I'm an electrical engineer (er, will be in about 7 months). I was trying to explain it simply to you, didn't realize you knew electronics as well 


Capacitors aren't the end-all be-all solution to dimming. The large capacitors used for this kind of application have a very large ESR which hurts their performance. While this isn't as much of an issue with caps such as these, it's a huge issue with the carbon caps that a lot of people get (normally 20+ farad, though because they have such a huge ESR they're actually less effective than the smaller ones). This isn't the type of cap he's looking at I hope, but if it is he should definitely reconsider.

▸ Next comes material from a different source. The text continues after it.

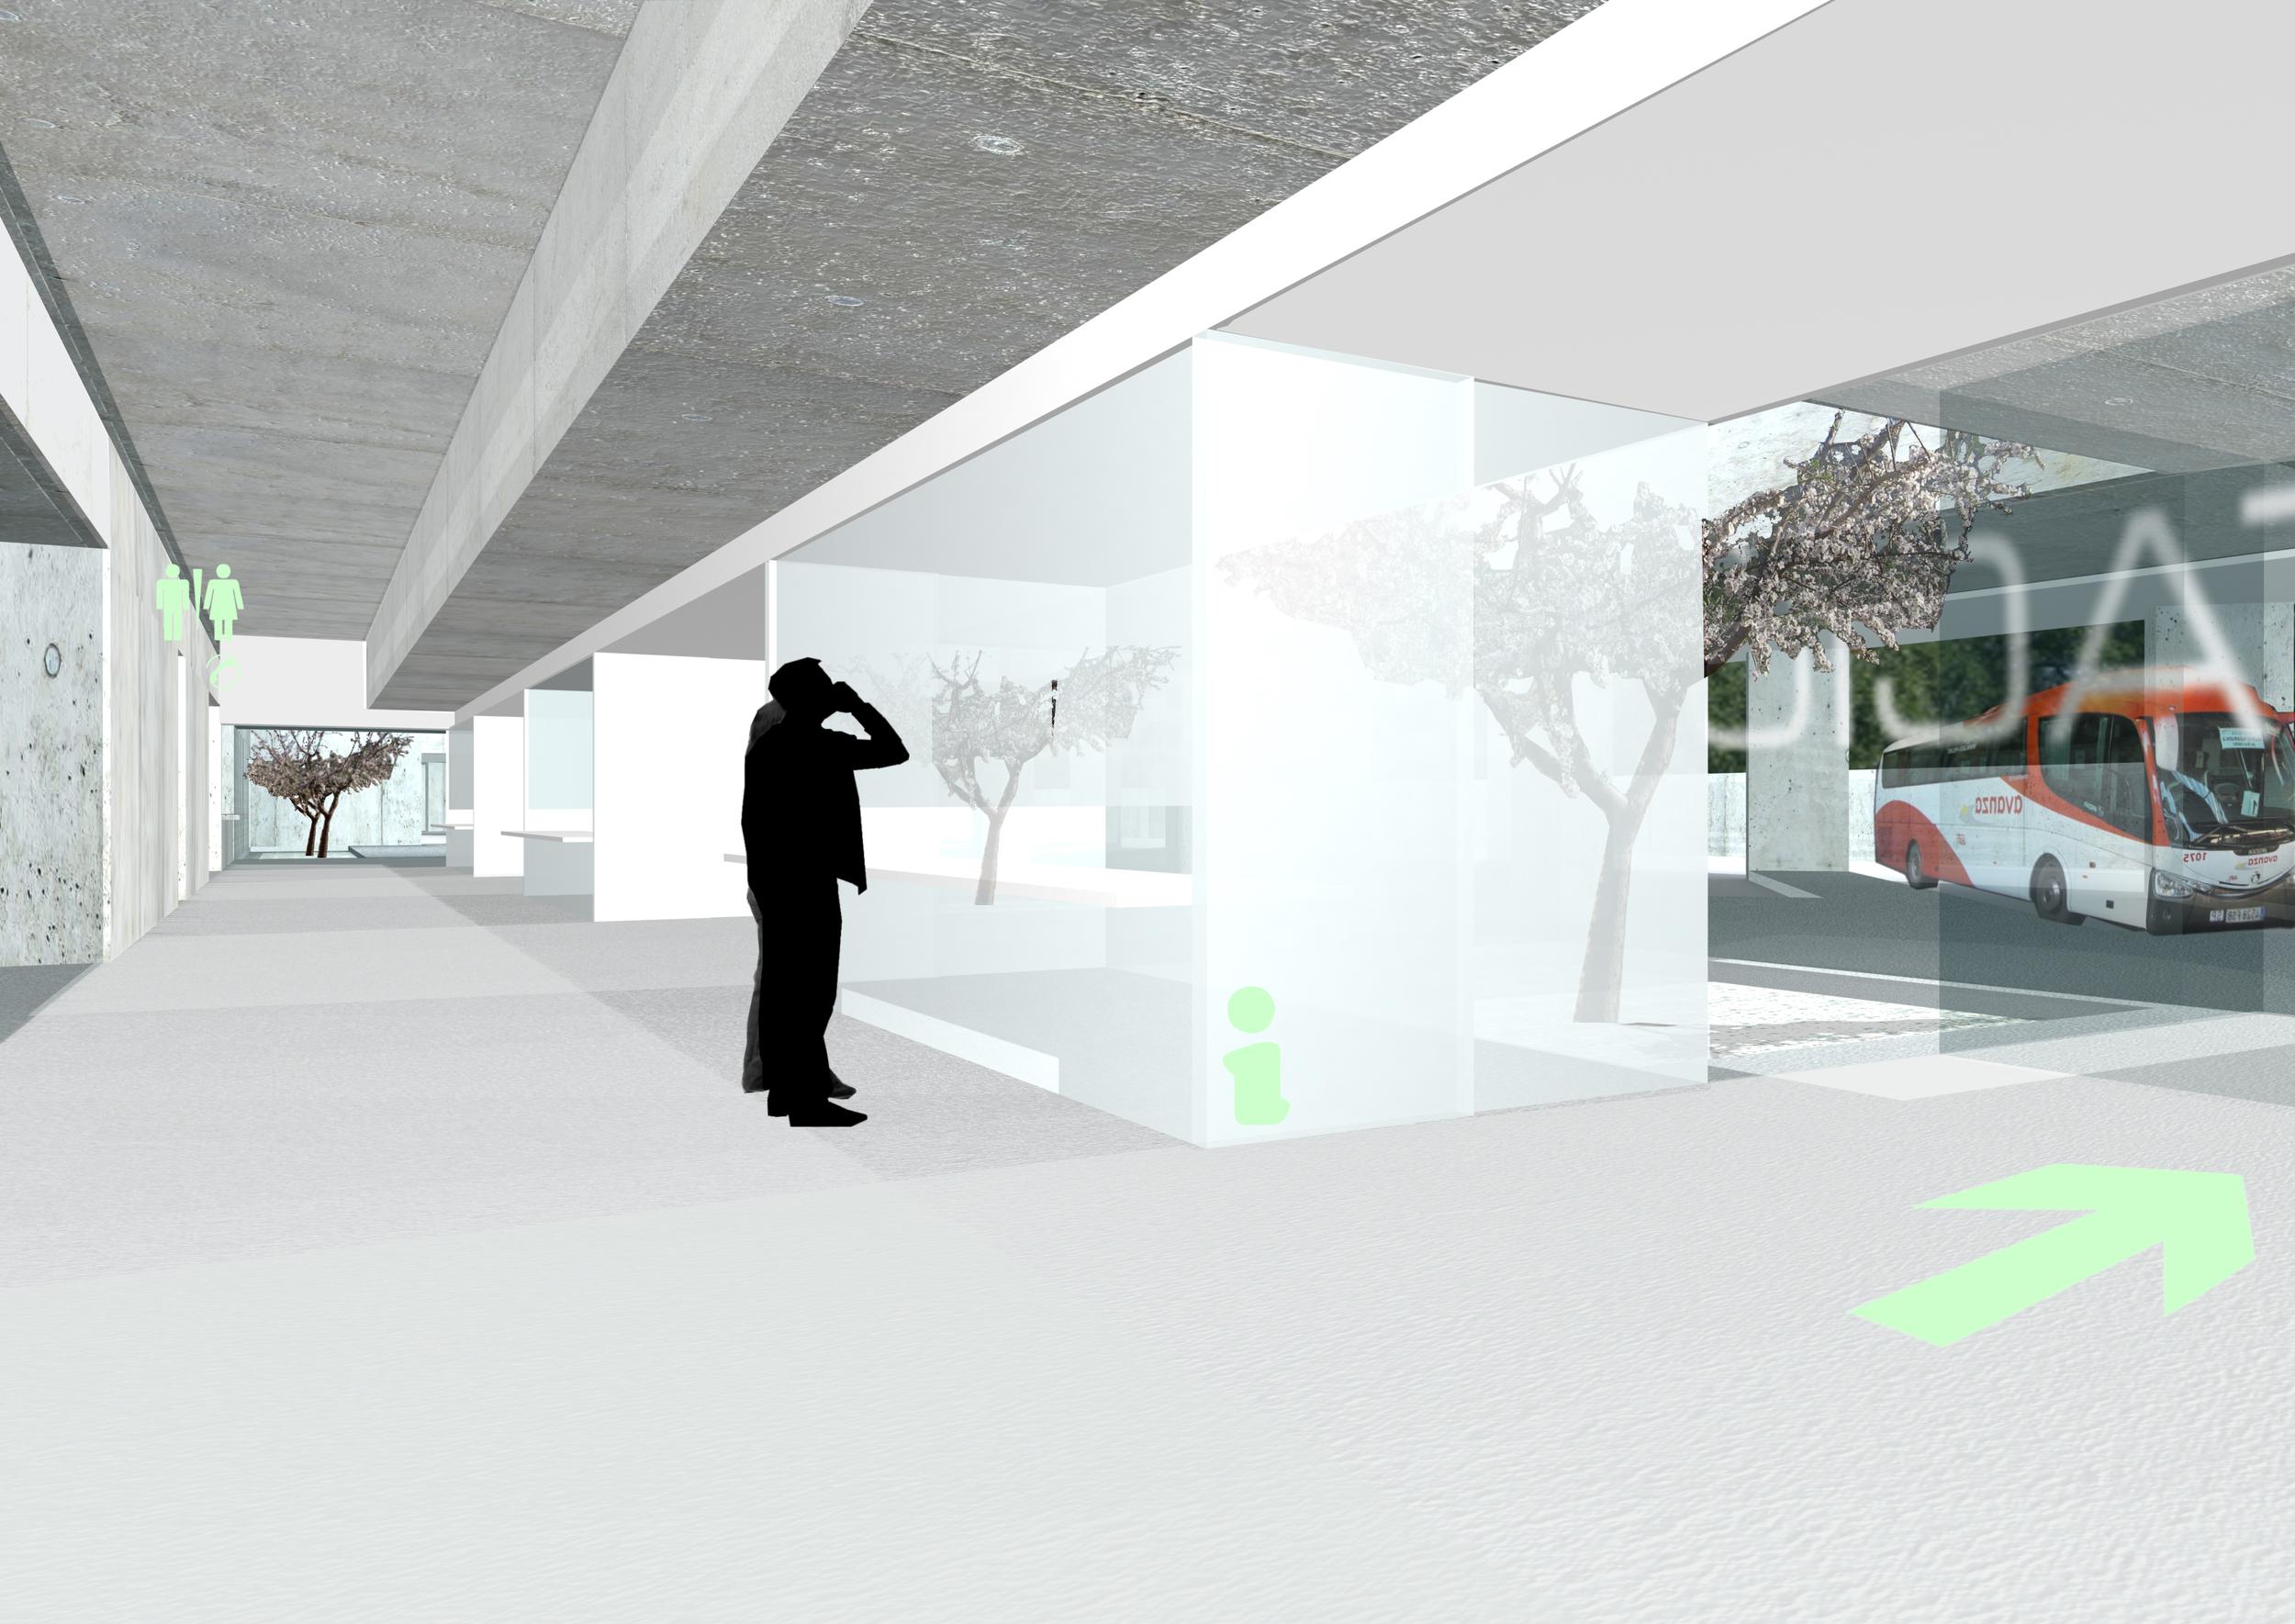 montaje vestibulo interior 1.jpg
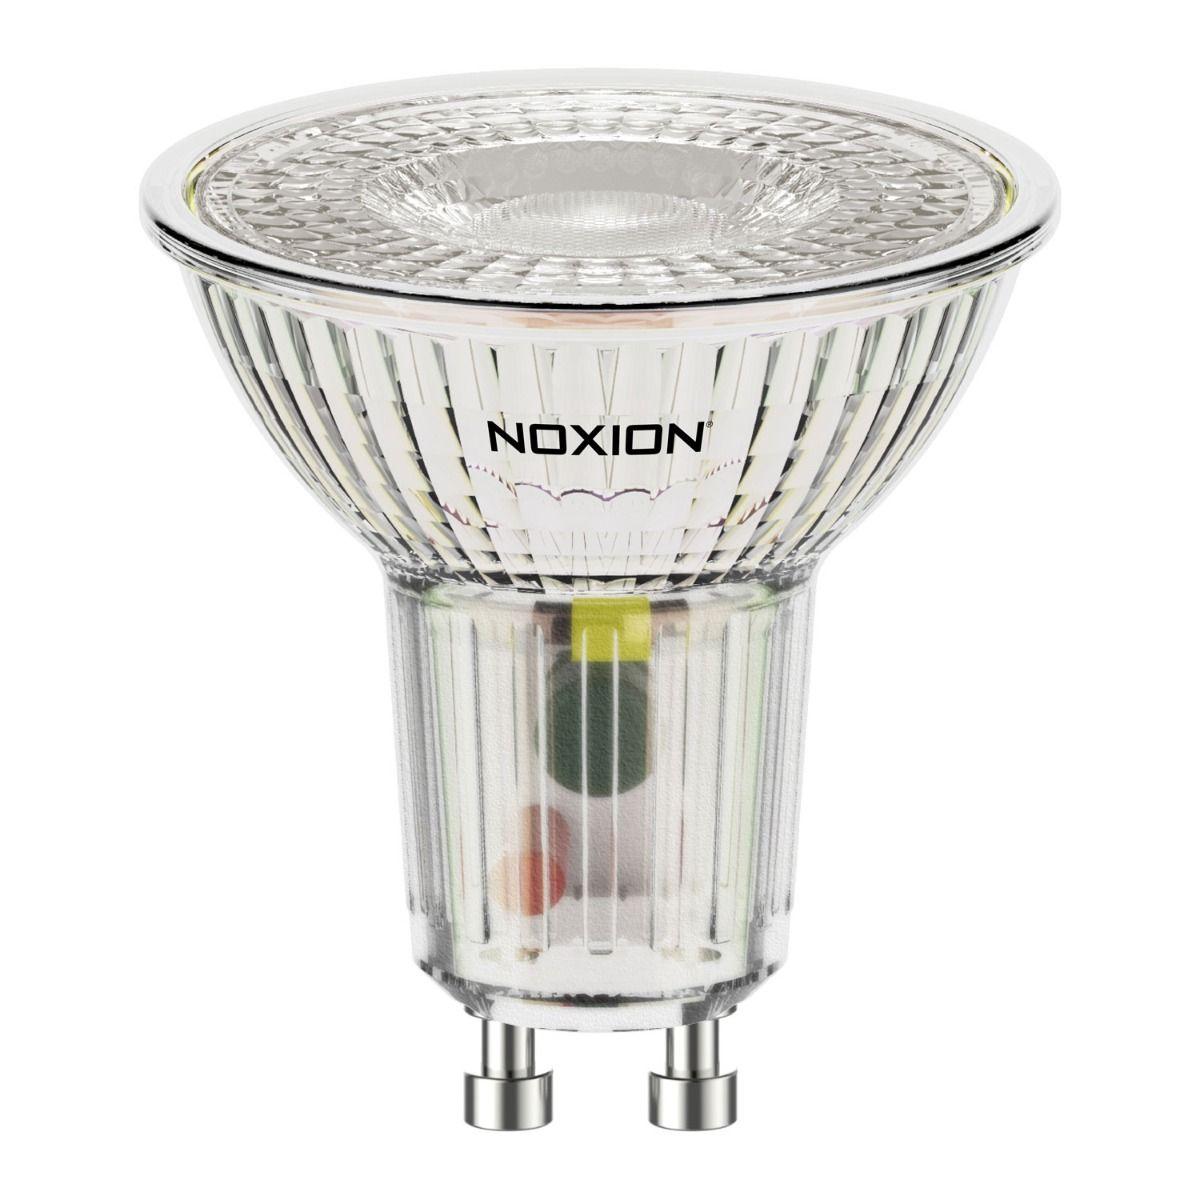 Noxion Spot LED GU10 3.7W 827 36D 260lm   Blanc Très Chaud - Substitut 35W

Anyway, it really depends on what the source of the dimming is. If he's got a strong alternator, good battery, and good wiring, then yes a capacitor can help the electrical system respond to transients faster. But with most electrical systems the weak link is the grounding, I can't stress enough how poor the stock grounds are. A lot of times the dimming problems people have are simply a result of their voltage being burned off in the car's wiring when the amps draw a large amount of current. What's the point in using 1/0awg back to your amp and from the amp to the chassis if you've got a dinky little 8awg that's 3 feet long and has terrible connections running from the chassis up to the battery? By upgrading the wiring, they fix the problem at its source. A cap could be used in this situation with decent results, but it would really just be an expensive bandaid covering up another (and cheaper to fix) problem.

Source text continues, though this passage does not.